Some workers may not be aware of this, but static electricity can become a huge threat in the workplace, especially when working on or around fueling operations. If there is a discharge of static electricity while fuel is being dispensed, there is a possibility of an explosion or fire erupting. Because of this threat, it is extremely important to know how to identify situations and conditions that could be hazardous when dealing with static electricity and fueling operations. Static electricity buildup creates a fire safety hazard that is important for you to understand. You will need to know
exactly how to stop static electricity from becoming any type of a factor when fueling. Your life depends on it.
Many industrial operations utilize substantial quantities of flammable liquids to operate company vehicles, power equipment, tools, etc. Consider for a minute the hazards associated with the storage and transfer of these flammable liquids and the potential for fire caused by the discharge of stored static electricity.
In simple terms, static electricity is defined as an imbalance of negatively and positively charged particles. In order to reduce this hazard at your workplace, remember and understand the terms ‘bonding’ and ‘grounding.’ These terms denote a safeguard that will prevent the potential for static discharge to occur during fuel transferring activity.
Bonding and grounding provide a path for electrical buildups to be dissipated into the ground, as opposed to being discharged during the refueling of a company vehicle. Primary flammable liquid storage containers such as 55-gallon drums and above ground fuel tanks have the capability to store large amounts of static electricity. They can store substantially more than would be required to produce disastrous results. Bonding and grounding is the preferred choice for prevention.
Static Electricity and Grounding:
The movement of volatile materials through hoses and piping can create electrostatic charge. When the voltage associated with that charge reaches certain levels, a spark can jump across the gap between a dispensing nozzle and a portable container and ignite flammable vapors. Static charges, however, will not accumulate if equipment is firmly electrically grounded. Grounding “bleeds off” the charges, directing them harmlessly to the earth. Proper grounding dissipates the charges as fast as they are generated. To best illustrate the procedure, consider the simple process of transferring solvent from a 55-gallon drum to a flammable liquid container.
Ground the 55-gallon Drum:
Grounding means you attach a conductive copper wire from the ground to the 55-gallon metal drum. You must make a good contact to the ground, which can be a metal “grounding rod” driven several feet into the earth or, if available, connect the ground wire to the cold-water pipe running through the room. It is important to be sure the copper wire connects cleanly and firmly with both the metal rod in the ground and to the metal surface of the 55-gallon drum. You must make a metal-to-metal connection. The metal drum must not be painted at the point where the ground wire is connected.
Bond a Conductive Wire:
Bond a conductive wire from the metal 55-gallon drum to the metal 5-gallon container. Again, be sure the two contact surfaces are not painted.
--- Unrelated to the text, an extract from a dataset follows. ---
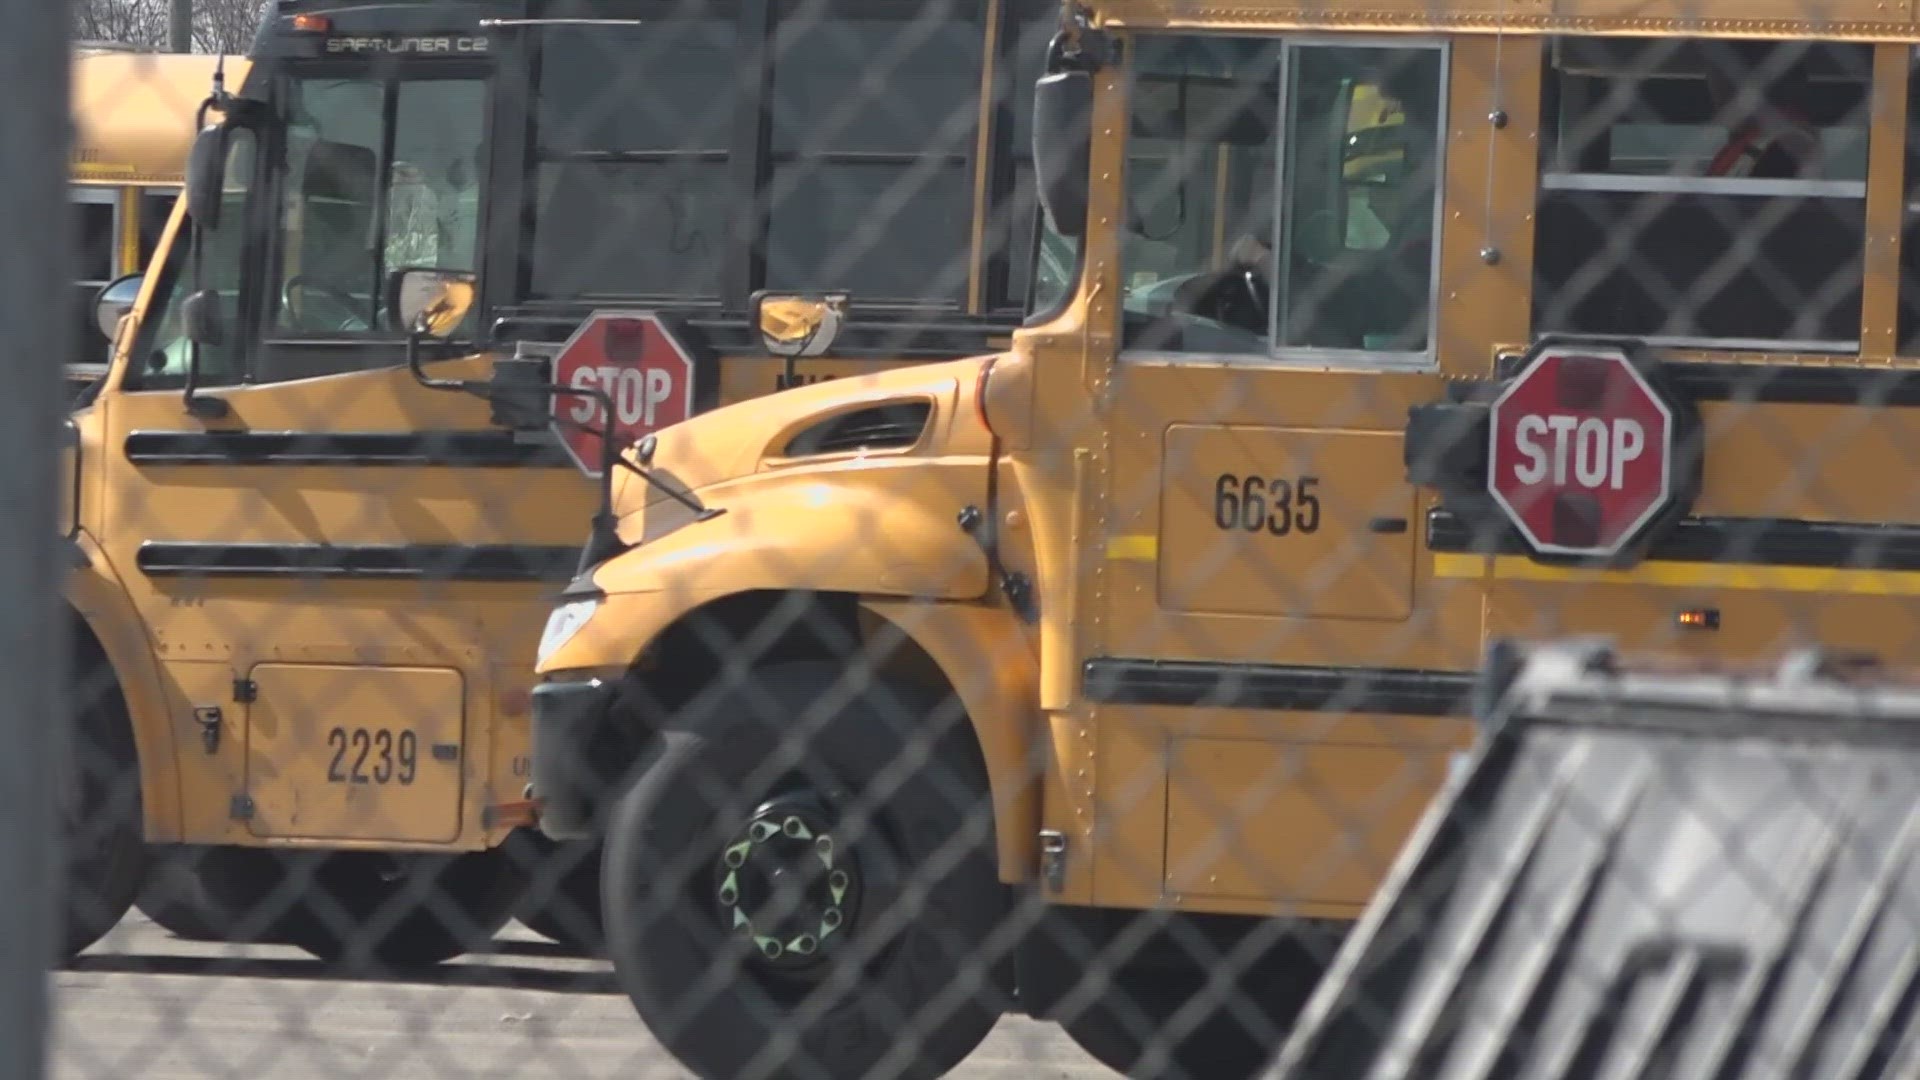 St. Louis Public Schools canceled after-school activities after a protest by bus drivers left the district scrambling for transportation Monday afternoon.

It’s always a good idea to have a safety professional, electrical engineer, and your plant maintenance person test the bonding and grounding to make sure it is correct, especially when you initially implement a bonding and grounding program for flammable liquid dispensing areas.
Transferring Flammable Liquid:
When transferring flammable liquid into a secondary can or when refueling a vehicle from a container, an “alligator clip” connection should also be used between the two containers in order to create a bond.
By implementing proper bonding & grounding procedures, you can create a balanced electrical potential and eliminate the hazard for an explosion or fire from static electricity.
Static electricity is “an accumulation of electric charge on an insulated body.” Don’t set it free to disperse and create havoc in the presence of flammable and combustible fuels.
Workers, managers, and supervisors alike need to be aware of the different situations presented by fueling operations and know how to stop static electricity from affecting the process. If they do not, an explosion could be triggered that could have deadly consequences.
FIRE DESTRUCTION IS ONE MAN’S JOB…FIRE PREVENTION IS EVERYBODY’S JOB!!